Diritti

Se torna l’antisemitismo, tu da che parte stai?

13 Novembre 2015

Portava una kippah, era vestito “da ebreo”, camminava nel quartiere ebraico  di Milano. Si è preso sette coltellate, una lunga diversi centimetri in pieno volto. Quanto vorremmo che il movente dell’efferato delitto non fosse quella kippah, quell’abito da ebreo, quella riconoscibile appartenenza. Quanto temiamo, dolorosamente, che Nathan Graff, cittadino israeliano genero di un rabbino, sia stato accoltellato proprio per per quello.
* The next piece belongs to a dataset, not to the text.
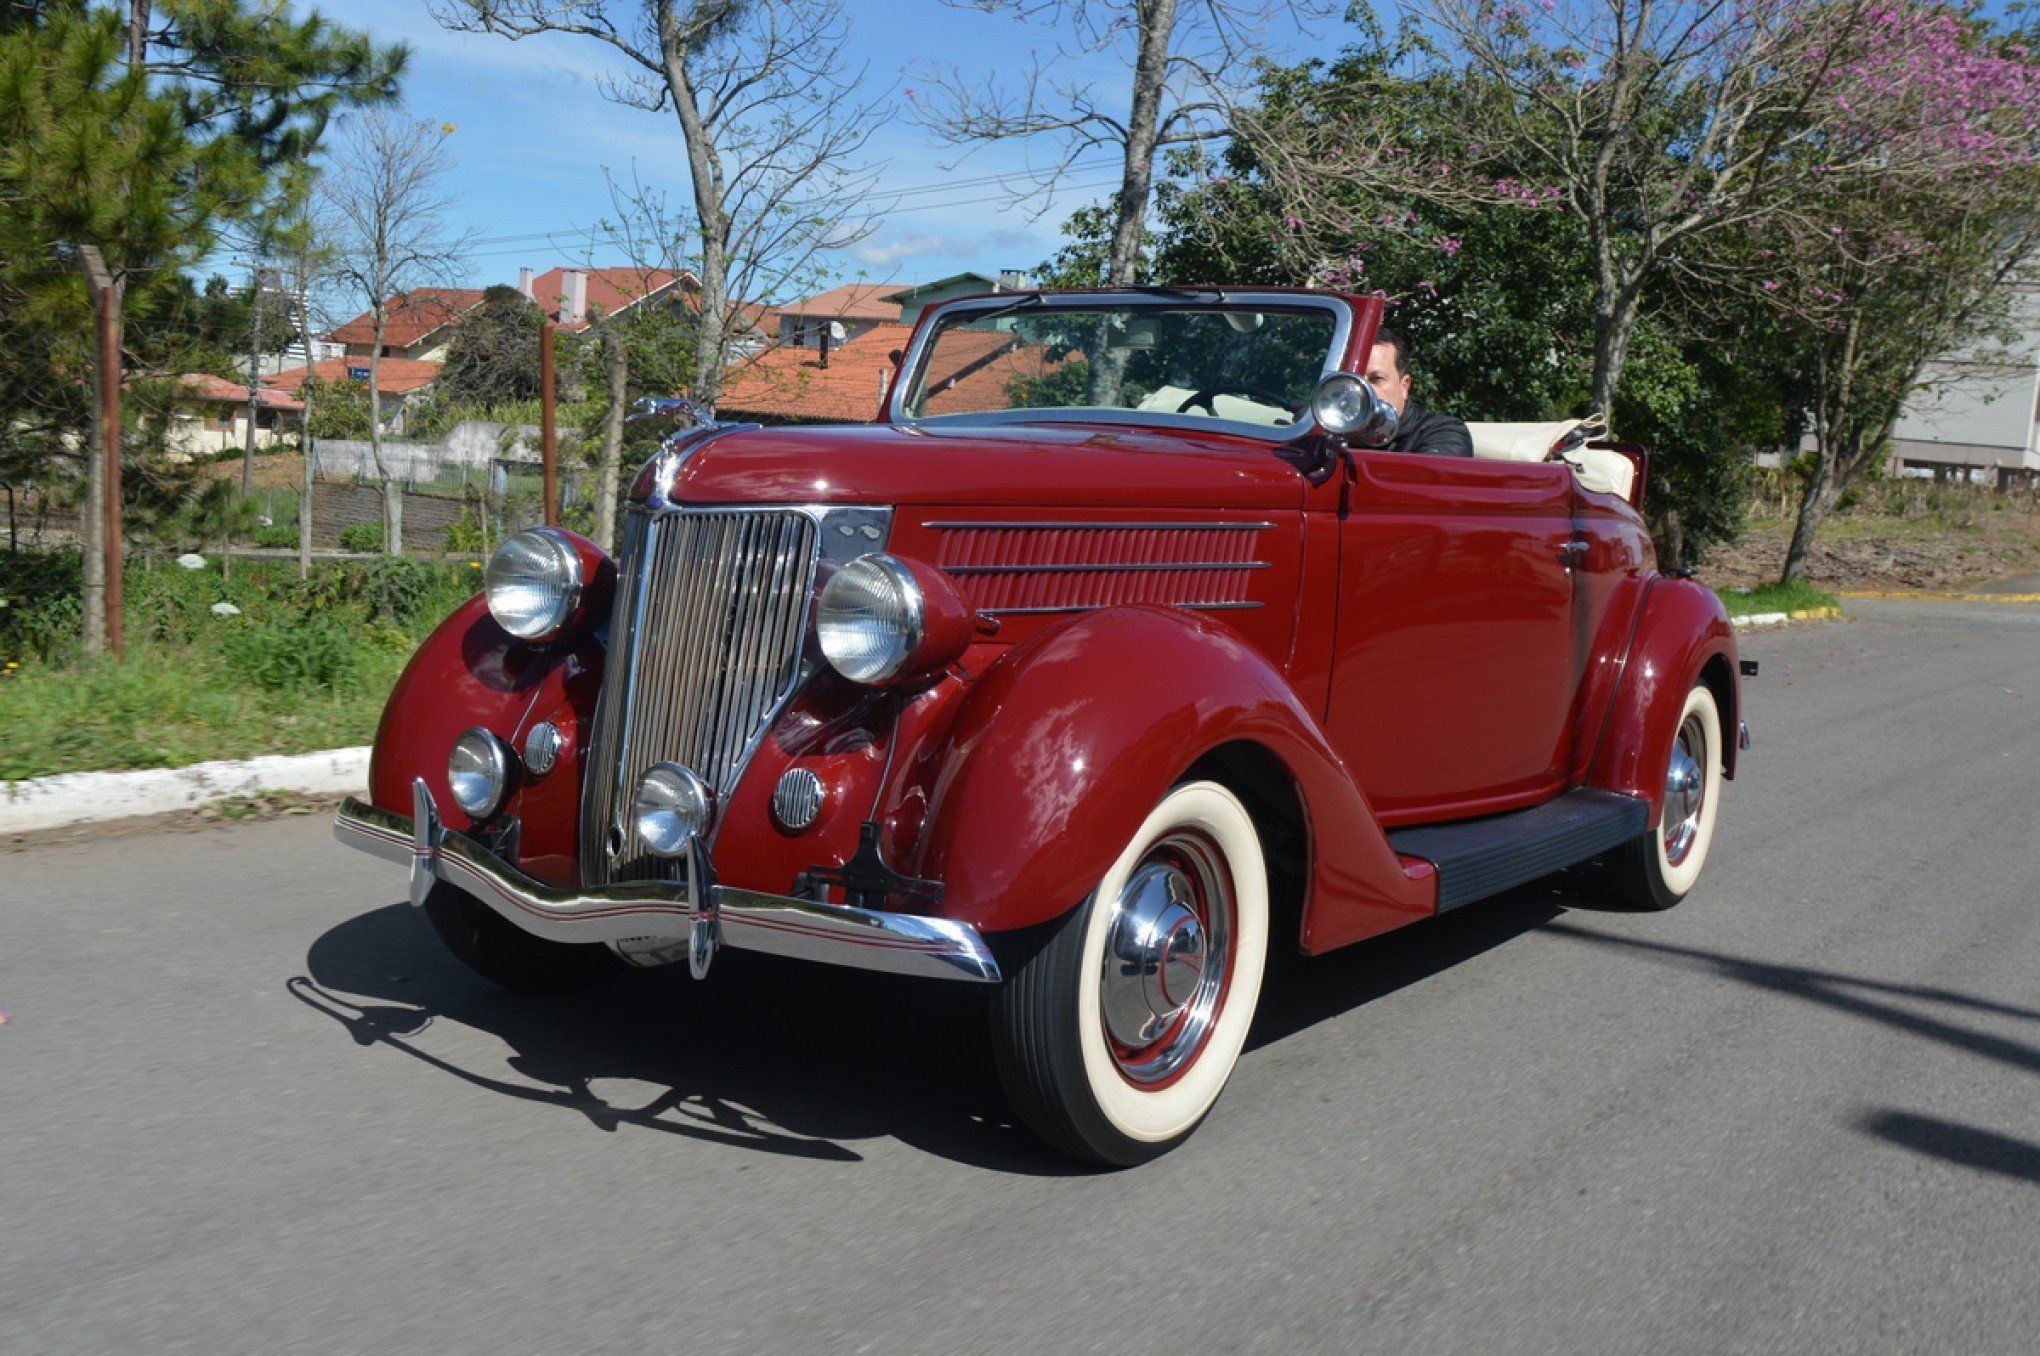 RARIDADE: Conheça o carro que será destaque do 30º Encontro Sul-Brasileiro de Veículos Antigos

Ancora non sappiamo la verità, e speriamo – per assurdo che possa sembrare, quando si parla di un crimine che sicuramente è stato commesso – che abbia un’origine diversa da quella.

Non ci sono parole per dire il malessere vero, profondo, che ci assale, come milanesi, come cittadini italiani, nel pensare che proprio nella nostra città, dove i quartieri a più alta densità ebraica scivolano verso una periferia di integrazione difficile e malesseri, dove lo scintillio di Expo e della Darsena non sono arrivati, essere ebrei, nel 2015, è pericoloso.

L’episodio drammatico, ovviamente in attesa di capire i contorni del fatto, impone alcune riflessioni da mandare a memoria, buone sempre, a prescindere dall’esito delle indagini. La prima: l’antisemitismo, forma archetipica di ogni razzismo e capace di germinare l’ossessione monotematica e lo sterminio, non è morto. Anzi. Inchieste giornalistiche e dati statistici ci rivelano che il nostro antisemita, proprio nell’Europa nell’Europa nata dalle ceneri di Auschwitz, è vivo, e lotta contro di noi. Sottovalutare, relativizzare, non litigare con chi avalla, è già un omicidio.
La seconda: Milano, la città che amiamo ormai raccontare come il modello della città risolta, dell’Italia che ce la fa, è un posto complesso, che accoglie pulsioni contraddittorie, una metropoli stratificata e non pacificata, come ogni vera metropoli europea. Un posto anche violento, che fa ancora emergere rabbie ataviche, pregiudizi, esclusioni. Su questo fronte, fermando immediatamente la “caccia all’arabo” e ogni propaganda troppo in fretta buttata in pasto a opposti pregiudizi, ci si aspetta che chi è nato in nome degli ideali di fraternità libertà e uguaglianza si alzi, in fretta, e oltre alla solidarietà mostri idee, risolutezza, e nessun distinguo. Nessun “eh, però Israele”. Nessun “ma insomma, con tutte le discriminazioni che ci sono vi mobilitate proprio per un ebreo’, e così via.

Alzarsi in piedi immediatamente, unitamente, contro un’ipotesi, foss’anche remota, di violenza antisemita, significa infatti alzarsi a difesa dei fondamenti del nostro stare insieme come comunità, dell’accettazione e della difesa del diritto all’essere minoranza etnica e religiosa. È un diritto che ci riguarda. Poi, domani, speriamo di poterci risvegliare da questo brutto incubo, e scoprire che il povero Nathan Graff è stato vittima di un crimine che nulla a che fare con il suo essere visibilmente ebreo. Ma intanto, ci siamo portati avanti: che su queste cose non si scherza, non si può scherzare. L’allarmismo, anche di fronte al solo sospetto, è un dovere di civiltà. Perché chi attacca il diritto ad essere visibilmente, apertamente minoranza, attacca il cuore, il fondamento ultimo, della nostra civiltà.